And today, Charlie, I would like to tackle a topic that might be kind of inevitable for us.
Surely.
Given that the second episode we ever did was about Taylor Swift.
Yeah.
I feel like we came of age together in a way.
You know, like we grew up together.
1989 was released just as we started this podcast.
podcast and that album seems so significant in sort of turning a more critical eye onto the world of
pop music in general.
Right.
So I feel like we are wedded to Taylor Swift.
We're ride or die.
Until the end, we're going to be there.
And of course...
Or are we?
And of course, Taylor Swift has just released her most recent album, Reputation.
Yes.
And I want to take this episode to explore two of the tracks on this album, not two of the
singles actually. Okay. But two of the ones that kind of most interested me, the first being
something bad. Oh, did you? And the other one being getaway car. Fun. But before we dive into
these two songs, I feel like we need to clear the air, organize our Zen rock garden a little bit here.
Charlie, can I get a serious music bed, please? Absolutely.

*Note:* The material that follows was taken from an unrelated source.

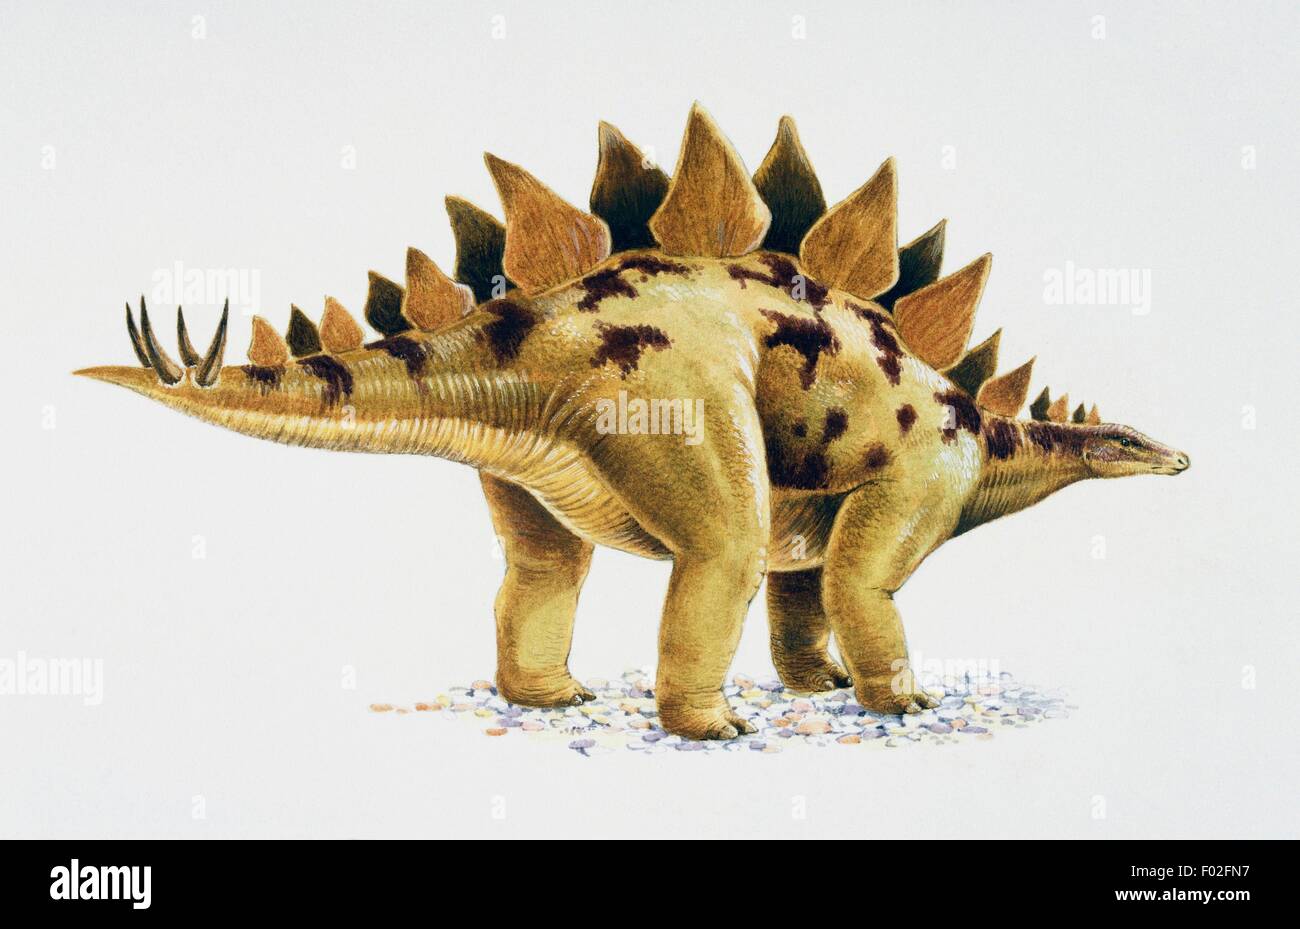 Le Stegosaurus sp, Stegosauridae, fin jurassique. Illustration de Nick Le brochet. Banque D'Images

I've got one just for you. Sorry, I said
serious music bed.
Okay, we'll go darker.
There we go.
So I feel like we would be
remiss if we didn't
provide some context
for this discussion because it seems
like when you're discussing Taylor Swift
these days, there's a lot
to contend with. There's a lot
of controversy surrounding this performer.
Right. And certainly with this
album, a lot of people are
reading things into it.
They're interpreting, for instance, lyrics on this album as being, say, rejoinders to Kanye West.
Right.
Who they were in a dispute over who said, honestly, I'm already losing the thread here, Charlie.
Can you maybe explain exactly what went down between these two celebrities?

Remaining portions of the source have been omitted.